Class on Day 21 started with a lot of complaining. I had woken up before 7 AM, worked in the (unbelievably hot and humid) sun all day, and eaten a lot of junk food while pondering my own sticky misery. By the time I got to the studio at 4:30 that afternoon, I was anticipating Bikram Armageddon. There was no way class could go well with all the shit I’d just eaten. It’d be a wonder if I could stay awake for 90 minutes after baking in the sun for so long, let alone partake in strenuous sweaty exercise. The humidity levels in the hot room would probably be something approaching a scene from Dante’s Inferno. But I trudged into that studio anyway, dragging my mat, towel, and mother along with me because that’s what I do now. I go to yoga.

Standing on a locked knee some time later, trying to extend my other leg toward the front mirror while holding my foot, I could have been miserable. There was a small and familiar voice telling me how hard this pose was, how tight my hamstrings were, how I’d probably never be able to extend my leg even if I practiced for years. The voice was tired, and she was complaining, and she had made a joke about how frizzy my hair had gotten in the humidity. But she didn’t have to be there. I took a deep breath, exhaled, and shoved her aside. All my energy went into my focused gaze at my locked knee in the mirror. I grabbed my foot, extended my leg, shook a little, and breathed through my nose. Sweat dripped onto my towel. My eyes didn’t blink. Push. Breathe.

I stood with one leg locked and the other almost fully extended for exactly three seconds. I was in the zone, and it was incredible.

(I know it’s not technically the danger zone, but how awesome would that be if next time I was in the zone Tom Cruise was hanging out in there too? And Goose? And maybe Iceman?)

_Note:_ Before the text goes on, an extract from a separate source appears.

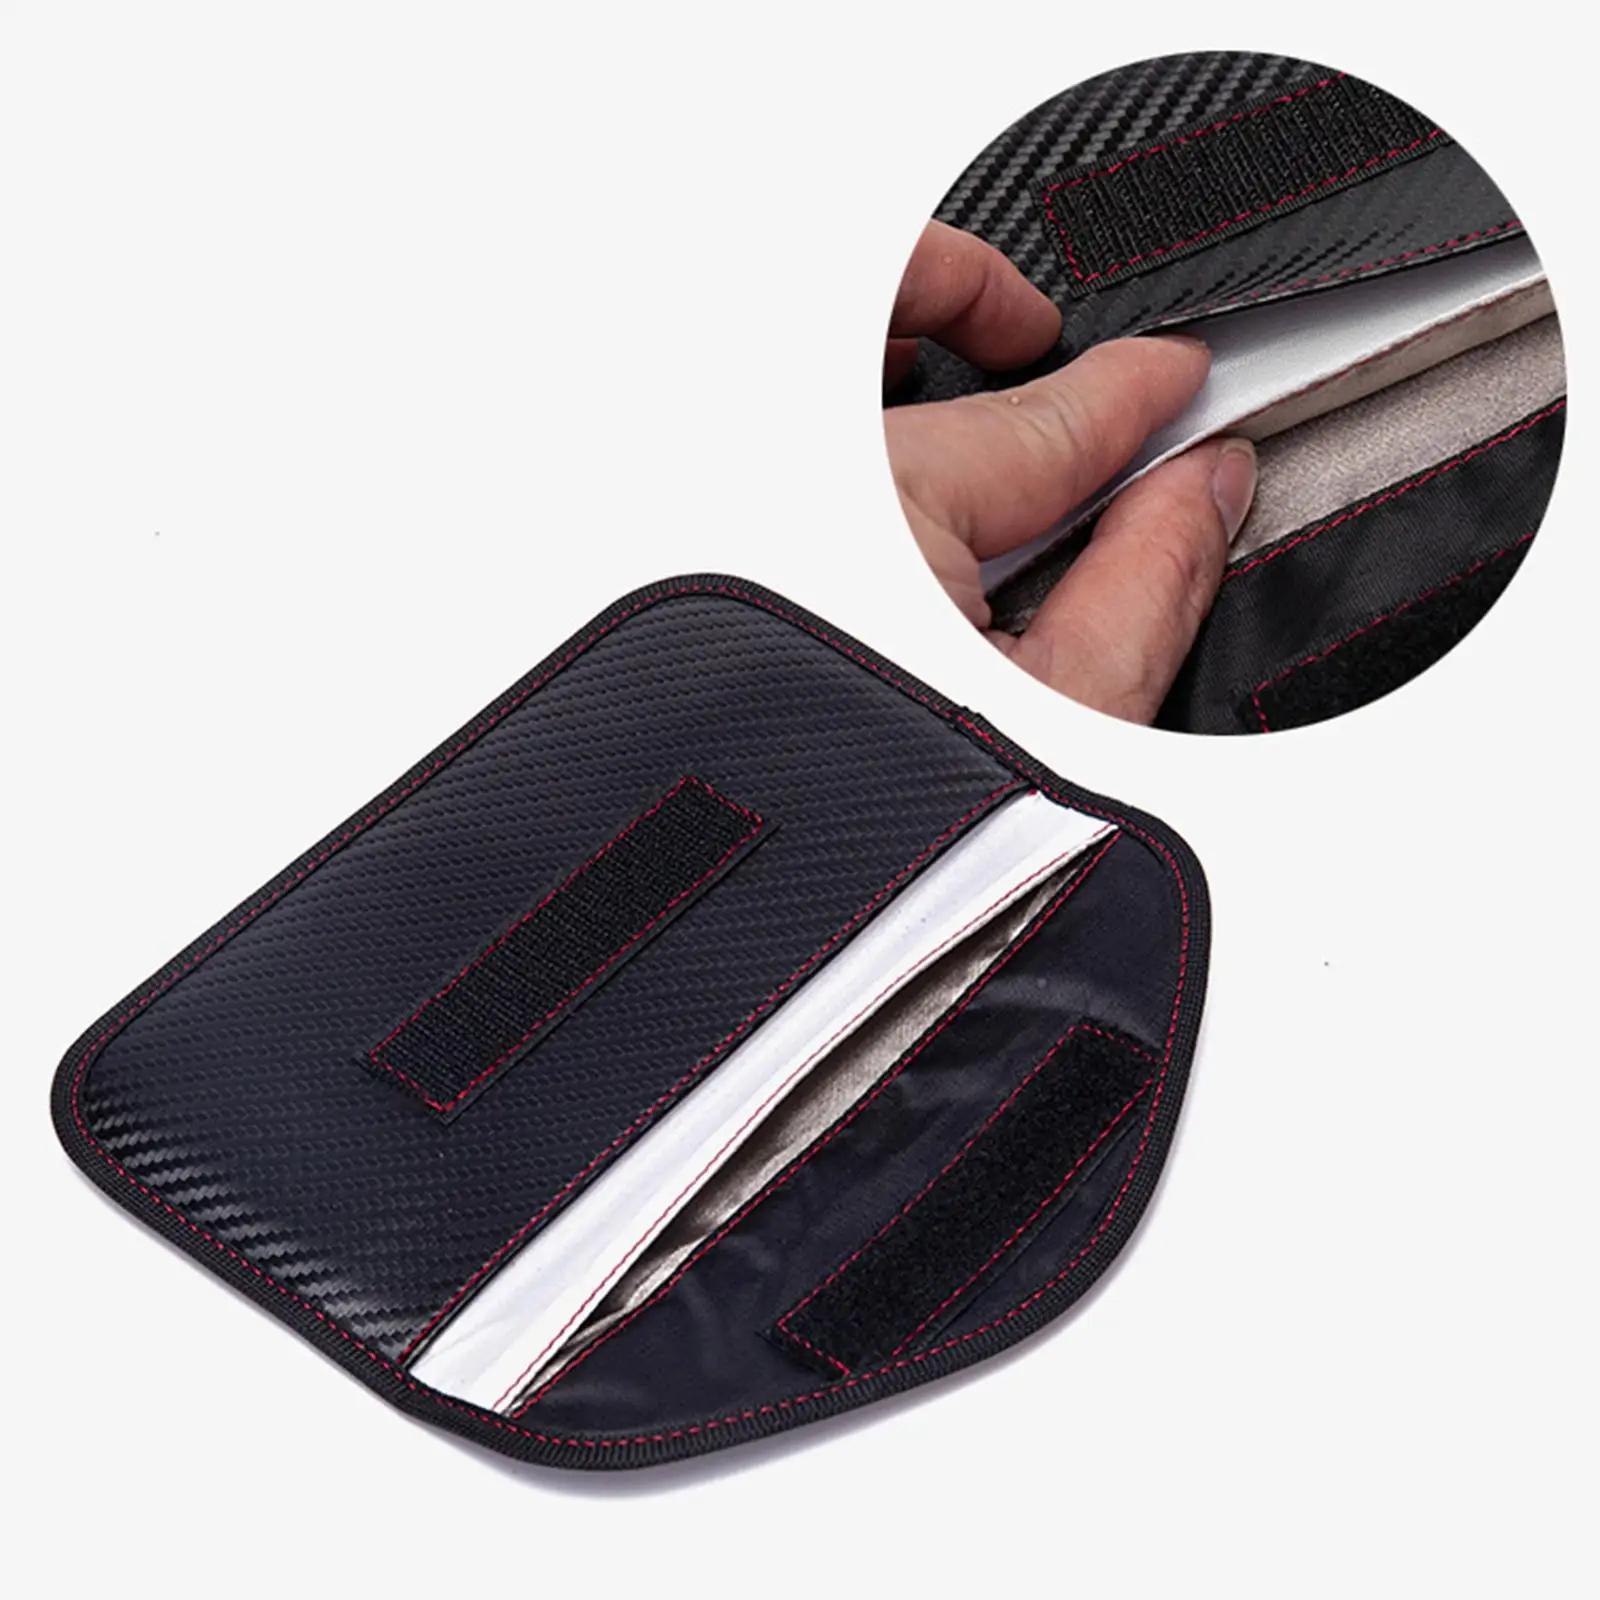 Shielding Pouch Case Faraday Bag for Cell Phone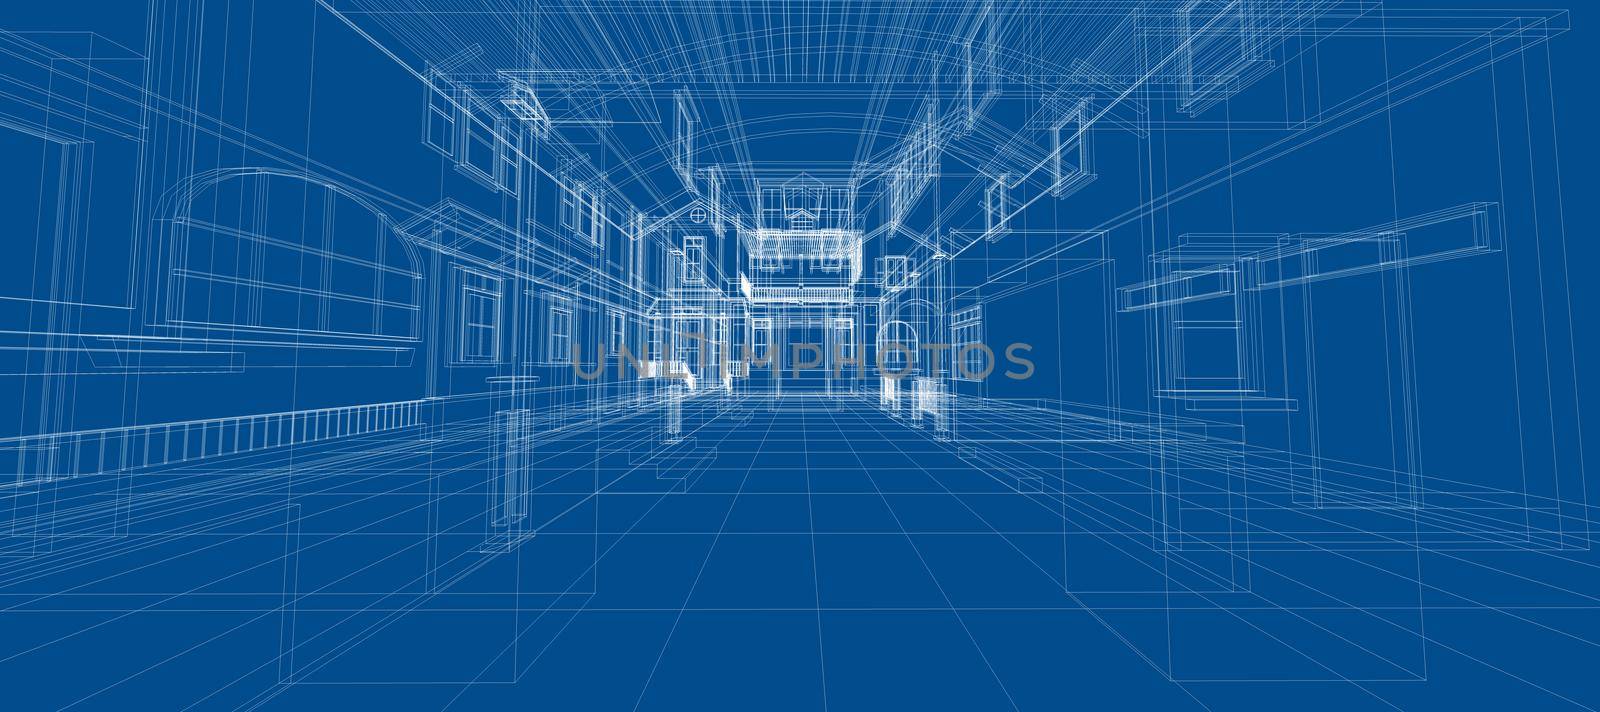 Smart house automation system digital intelligent technology abstract background architecture interior 3d wireframe construction on blue background by Petrichor

So whether you’re sweating in a hot yoga studio or prancing around like a hypnotized chimpanzee onstage, it’s nice to take some time every now and then to really check in with yourself. Maybe you call it the zone, or mindfulness, or meditation, or even voluntary hypnosis. But no matter the name, I would recommend giving it a try. You might be surprised at what you can do when your mind isn’t being a huge asshole.